The question asks to find the sine of 5pi/7. My teacher says to add/subtract an n value of pi to get a value on the unit circle; and then I find the sine. I've been at this problem for awhile and there has to be a better way than guessing how many pi's it will take to get a value on the circle.

I tried to add 2 pi.
5pi/7 + 14pi/7 = 19pi/7 (Not on the unit circle!)

Then 4 pi.
5pi/7 + 28pi/7 = 33pi/7

The idea is that its supposed to reduce to a value on the unit circle. . . But I tried some other numbers, and I can't get it!

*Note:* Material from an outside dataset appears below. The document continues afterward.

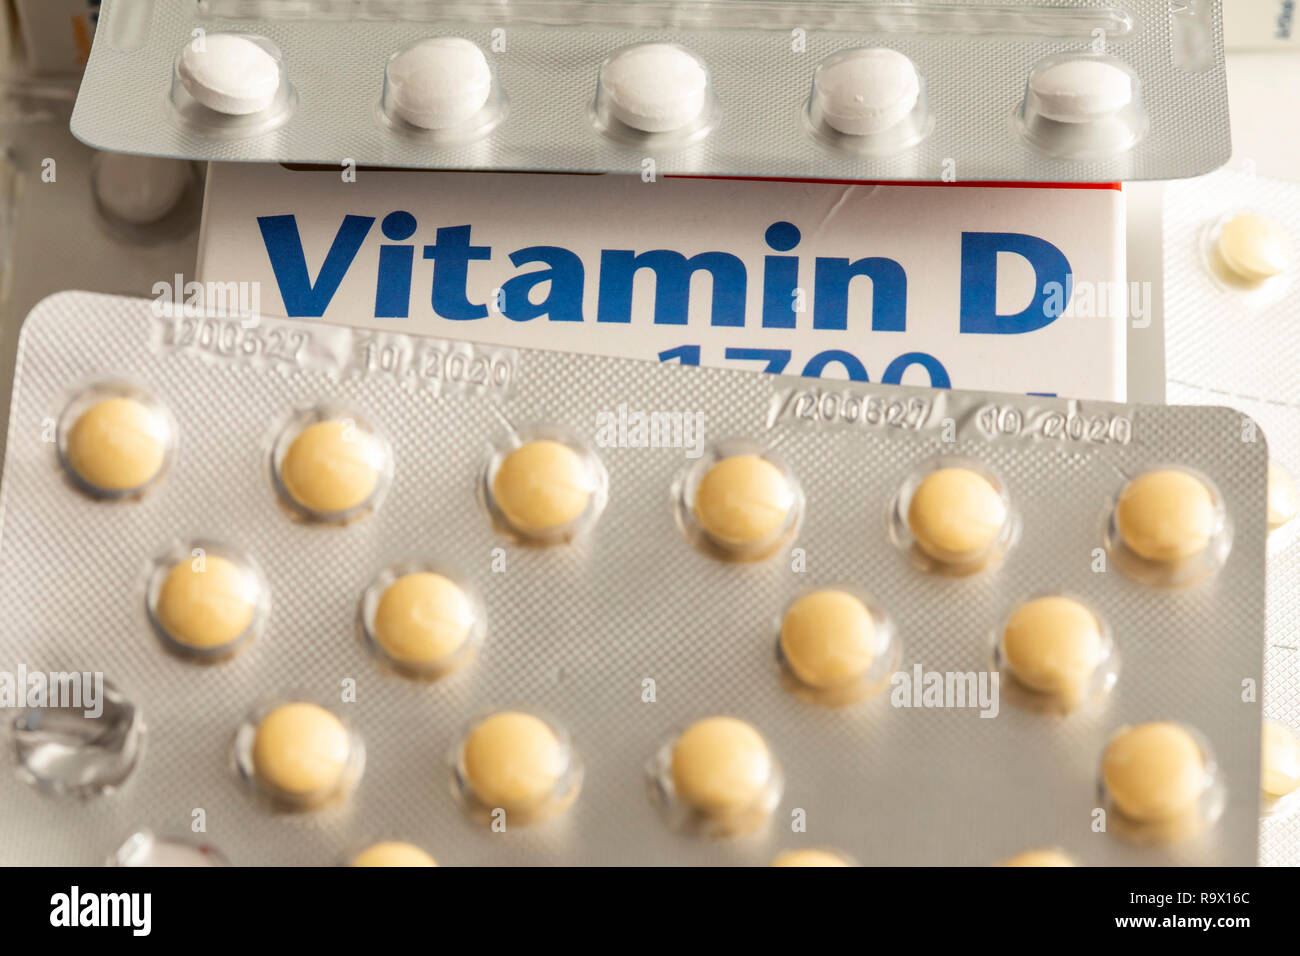 Vitamin-D-Tabletten Packungen, das Präparat soll den Vitamin-D-Mangold, durch geringer Sonneneinstrahlung, zum Beispiel im Winter, ergänzen, Stockfoto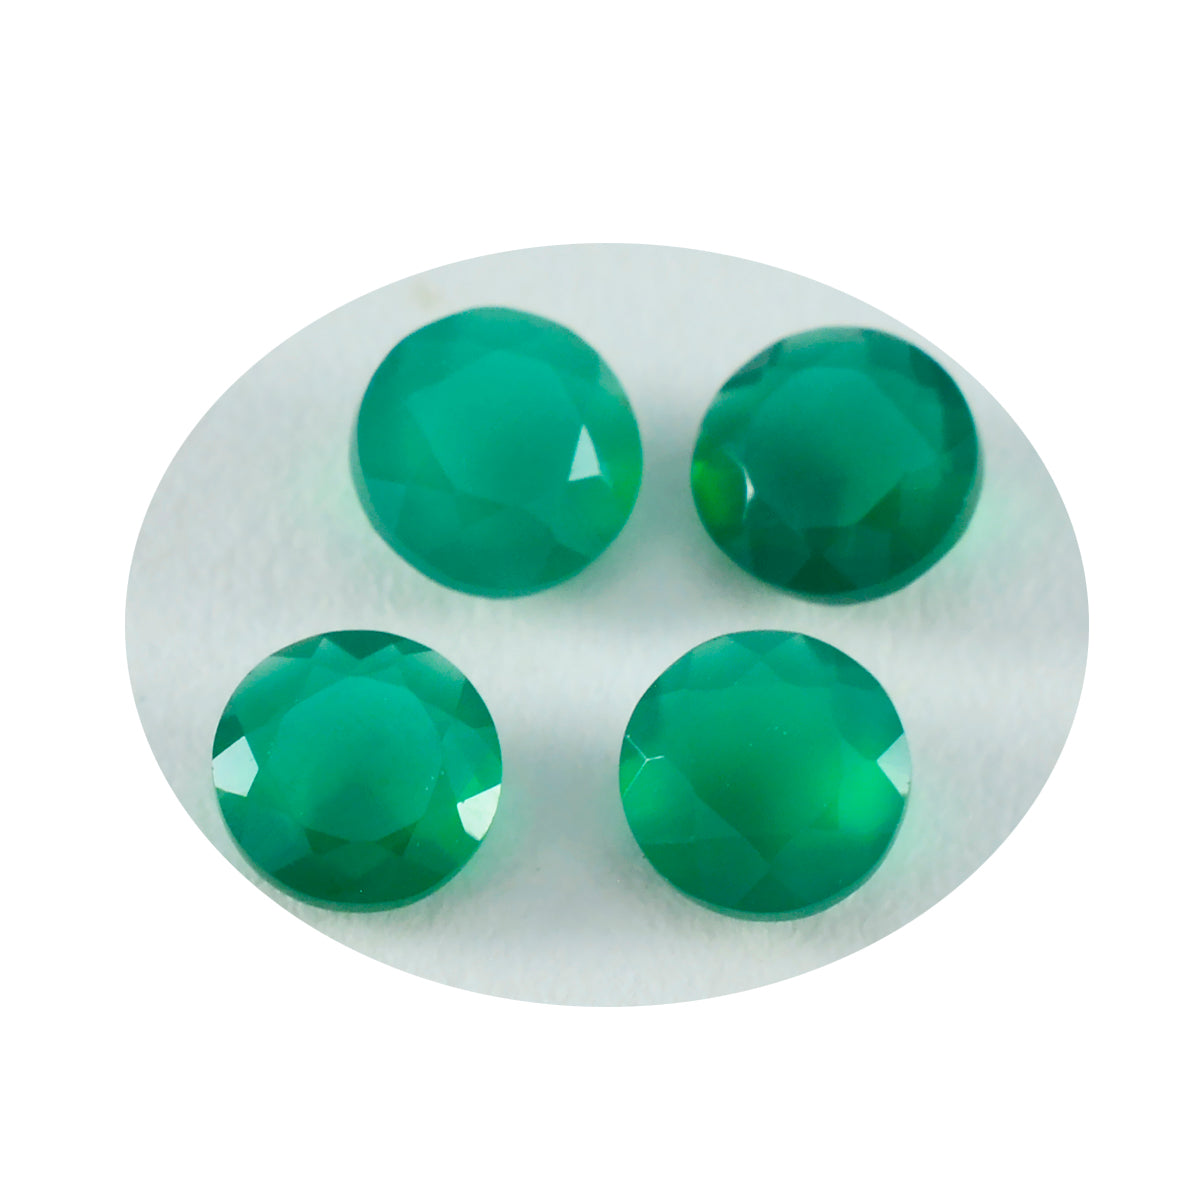 Riyogems 1 Stück natürlicher grüner Jaspis, facettiert, 7 x 7 mm, runde Form, hübsche, hochwertige lose Edelsteine

2. Originally Posted by tinu
The question asks to find the sine of 5pi/7. My teacher says to add/subtract an n value of pi to get a value on the unit circle; and then I find the sine. I've been at this problem for awhile and there has to be a better way than guessing how many pi's it will take to get a value on the circle.

I tried to add 2 pi.
5pi/7 + 14pi/7 = 19pi/7 (Not on the unit circle!)

Then 4 pi.
5pi/7 + 28pi/7 = 33pi/7

The idea is that its supposed to reduce to a value on the unit circle. . . But I tried some other numbers, and I can't get it!
The angle you're given isn't an integral multiple of any of the special angles.

$\left(\frac{5\pi}{7}\right)\left(\frac{180^{\circ} }{\pi}\right)=\frac{900^{\circ}}{7}\approx 129^{\circ}$

3. Oh wow. I feel silly. Thank you.

4. sin(5pi/7)
=sin(7pi-2pi/7)
=sin(7pi/7-2pi/7)
=sin(pi-2pi/7)
=sin(pi)cos(2pi/7)-cos(pi)sin(2pi/7)]
=0-(-1)sin(2pi/7)
=sin(2pi/7)

as for the unit circle that ur teacher mentioned it is just a convention to remember what sign is taken by sin, cos and tan in which quadrant. the value neednot satisfy any circle's equation.

s | A
2 | 1
---------------
T | C
3 | 4

for ur question we found out that sin(5pi/7)=sin(pi-2pi/7) which means that it lies on the quadrant 2 where sin is always positive . and thats wat we found out by expanding it using sine(a+b)=sinacosb+cosasinb.was this helpful????please comment.

5. Thats a new way to look at it. I'll keep what you said in mind as we go onto later chapters. I think what we are doing is a bit simpler. I am pretty sure I get it though.